Background information
- Born: Felix Andrew Odell White 28 September 1984 (age 41) Wandsworth, London, England
- Education: Alleyn's School University of Sussex
- Genres: Indie rock
- Occupations: Musician, songwriter, producer, sports commentator, author
- Instruments: Guitar, vocals, piano
- Years active: 2004–present
- Labels: Parlophone; Fiction; Fierce Panda;
- Member of: The Maccabees, 86TVs

= Felix White =

British musician (born 1984)

Felix Andrew Odell White (born 28 September 1984) is a British musician, best known as the guitarist of the British indie rock band The Maccabees and as founding member, guitarist and vocalist of 86TVs. He is also co-presenter on the cricket podcast Tailenders alongside Greg James, James Anderson and Matt Horan.

==Biography==
===Early life===
White was born in Wandsworth, London, England. His mother, Lana White, was an editor in the publishing industry, and his father was involved in urban design. His mother suffered from multiple sclerosis and died in 2002, when White was 17. He was educated at Alleyn's School and studied sociology at the University of Sussex. White has two younger brothers, Hugo and Will. White is a lifelong supporter of Fulham F.C.

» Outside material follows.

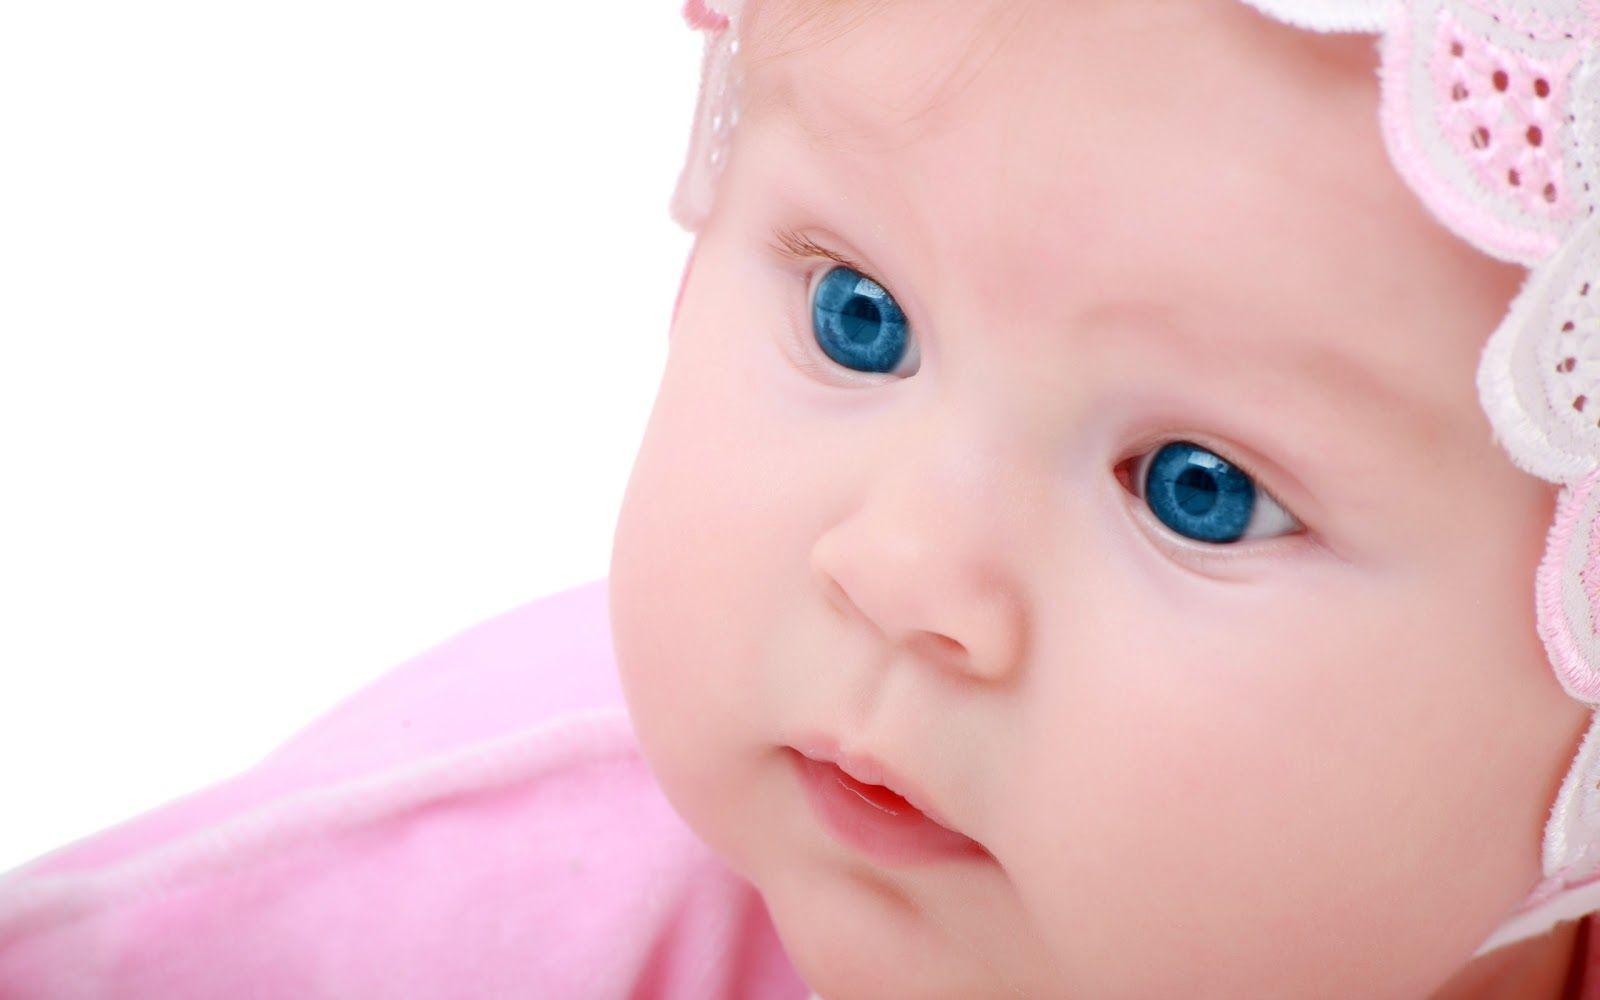 Gambar Bayi Lucu Unik Bergerak Imut Dan Cantik Kumpulan Gambar

===2004-2017, 2025-present: The Maccabees===
White was a founding member of the British indie rock band The Maccabees. He played the guitar, piano, and provided backing vocals. The band announced that they had decided to disband in August 2016.

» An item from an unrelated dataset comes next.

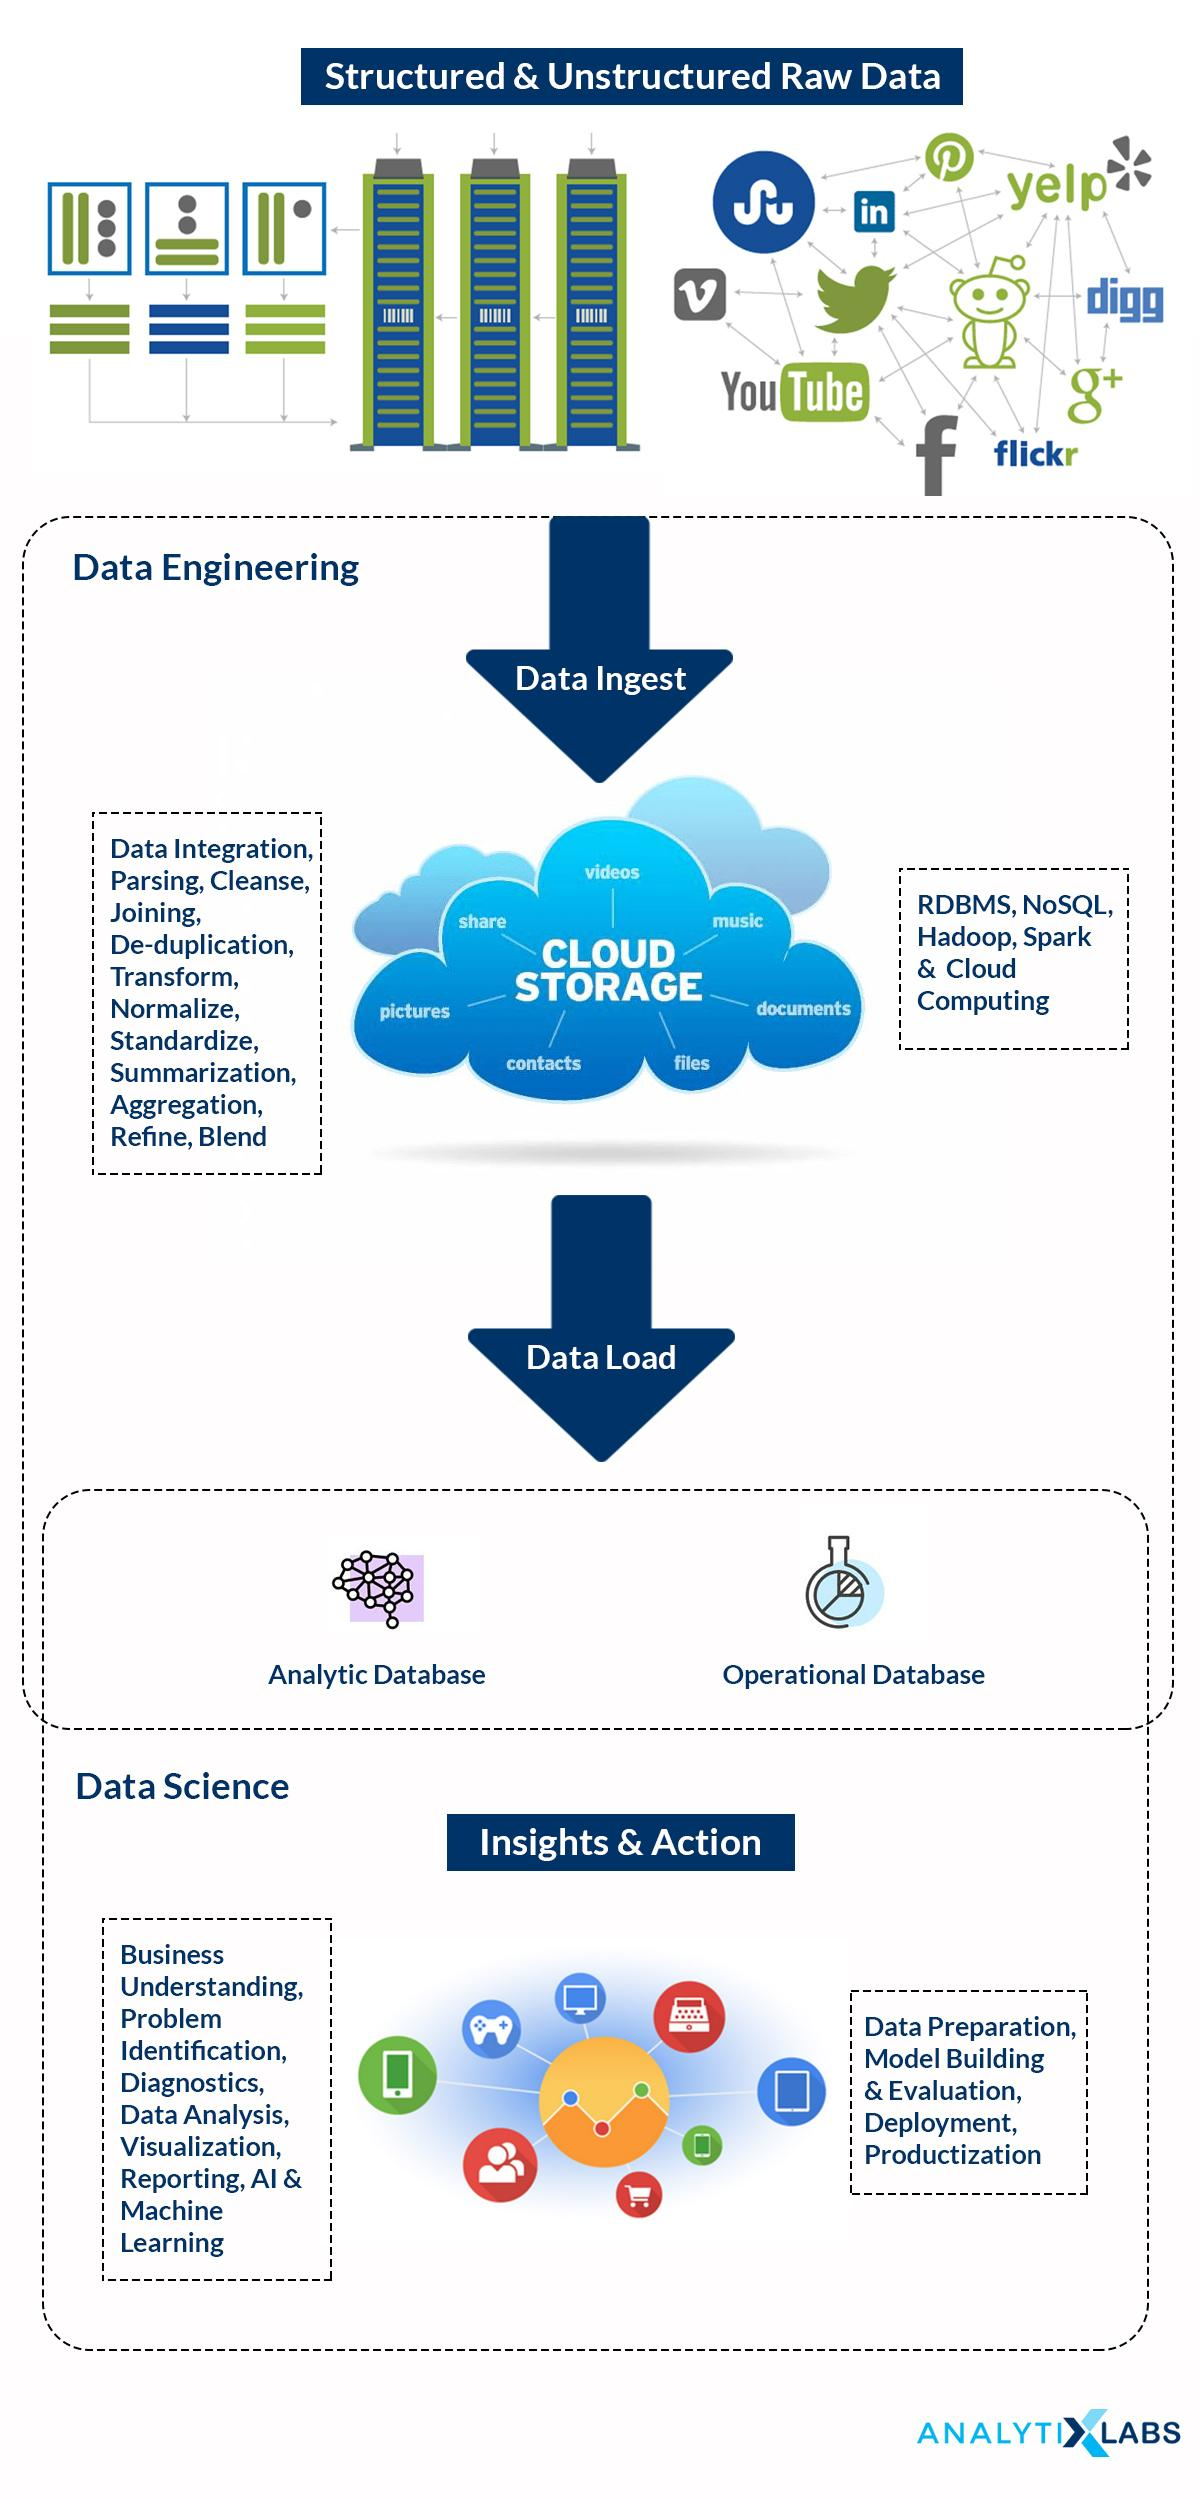 Relationship between Data Engineering & Data Science

The Maccabees confirmed their comeback for 2025 on social media, complete with headline festival show at All Points East and a European tour.

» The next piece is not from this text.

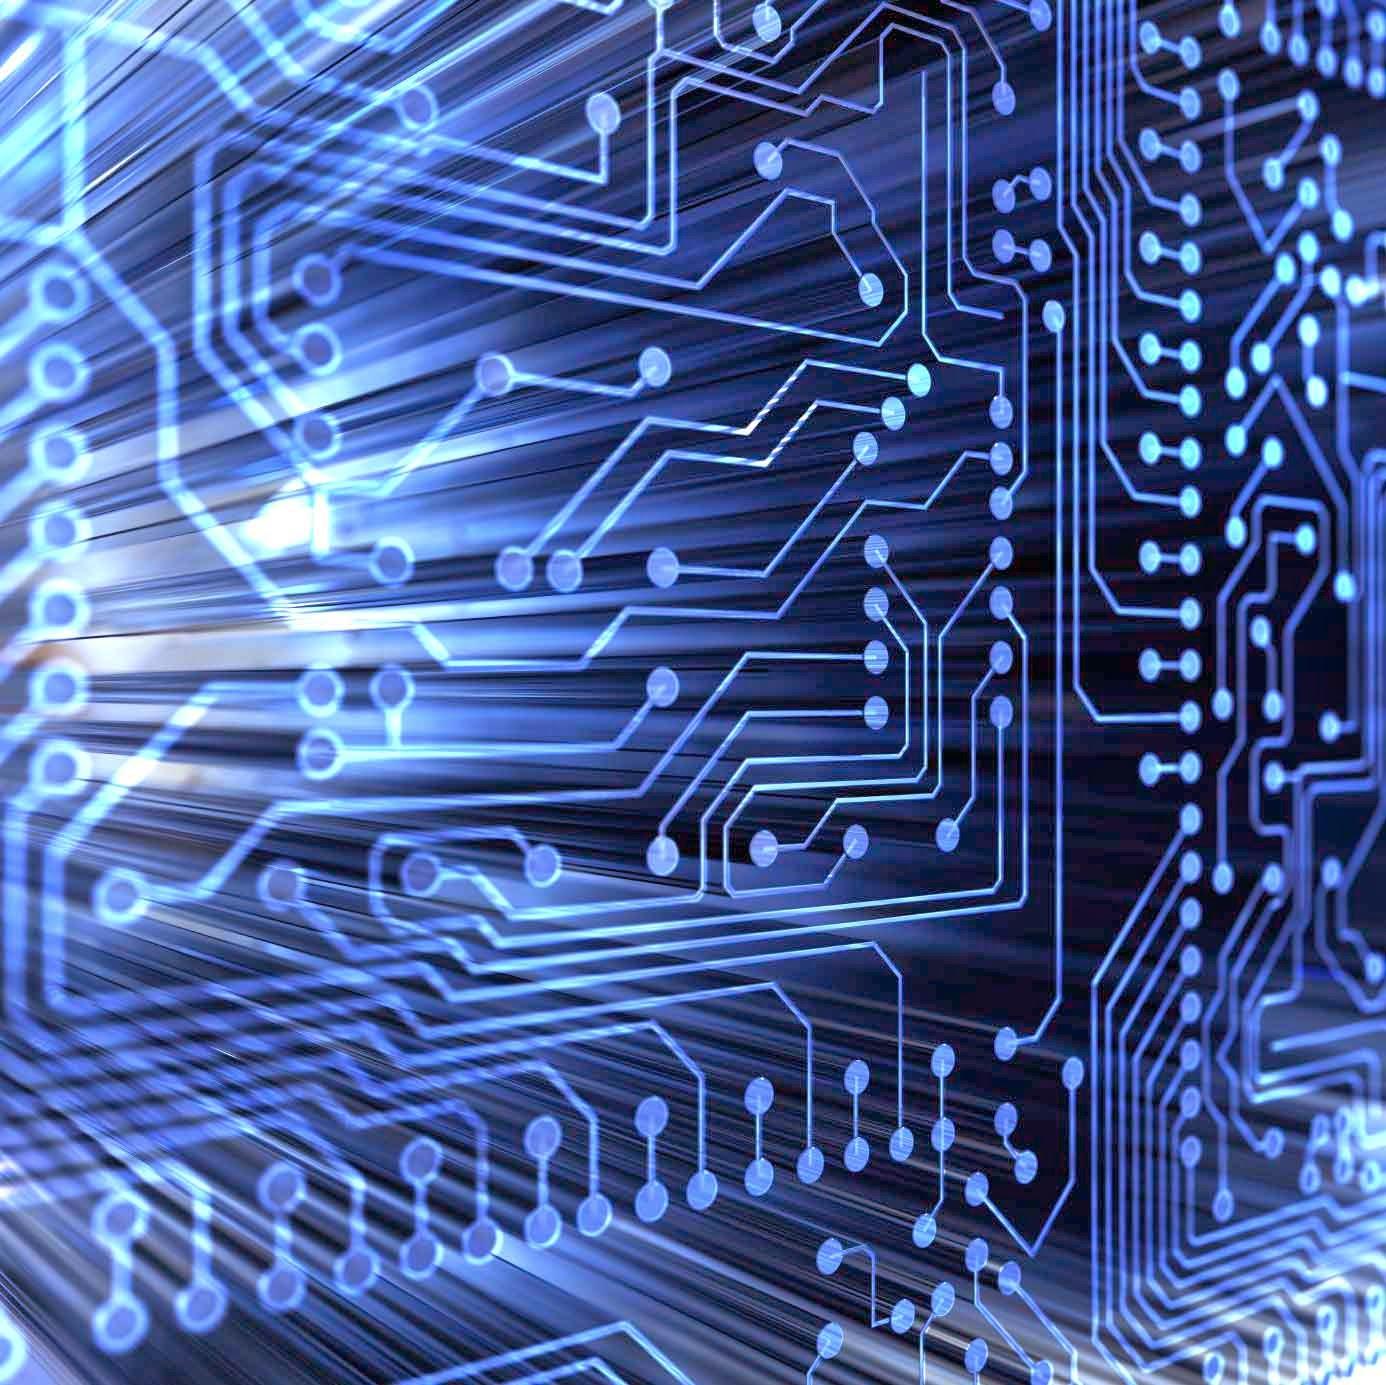 Circuito Impreso : Hardware de pc

===Post-Maccabees career===
On 5 August 2016, along with Morad Khokar, White launched Yala! Records, at Bermondsey Social Club. The label aims to provide both a step up and a network of support for upcoming bands.

On 15 November 2017, White along with Greg James and Jimmy Anderson, began hosting a cricketing podcast Tailenders. This was initially a weekly podcast covering the 2017–18 Ashes series; since 23 May 2018 it was renewed to continue on a weekly basis.

He has also written a memoir, on cricket, music and loss, It's Always Summer Somewhere. It was abridged and broadcast on BBC Radio 4, narrated by White, in January 2022.

From September 2022, Felix began fronting features and taking on a colour commentator role for Major League Baseball. The games are shown live on BBC iPlayer in the UK where he regularly joins co-hosts Melanie Newman and Xavier Scruggs.

On 17 August 2023, Felix and his brother Hugo White unveiled their first single, "Worn Out Buildings," as part of their new musical project, 86TVs. Band members included their younger brother, Will White, and drummer Jamie Morrison, known for his previous work with the bands Noisettes and Stereophonics.

On 2 August 2024, 86TVs' self-titled debut album was released alongside a digital-only single "New Used Car" featuring Jamie T.

==Discography==
Solo
- Cosmo (2013)
- The Edge – OST (2019)
- McEnroe – OST (2022)

The Maccabees

- Colour It In (2007)
- Wall of Arms (2009)
- Given to the Wild (2012)
- Marks to Prove It (2015)

86TVs
- 86TVs (2024)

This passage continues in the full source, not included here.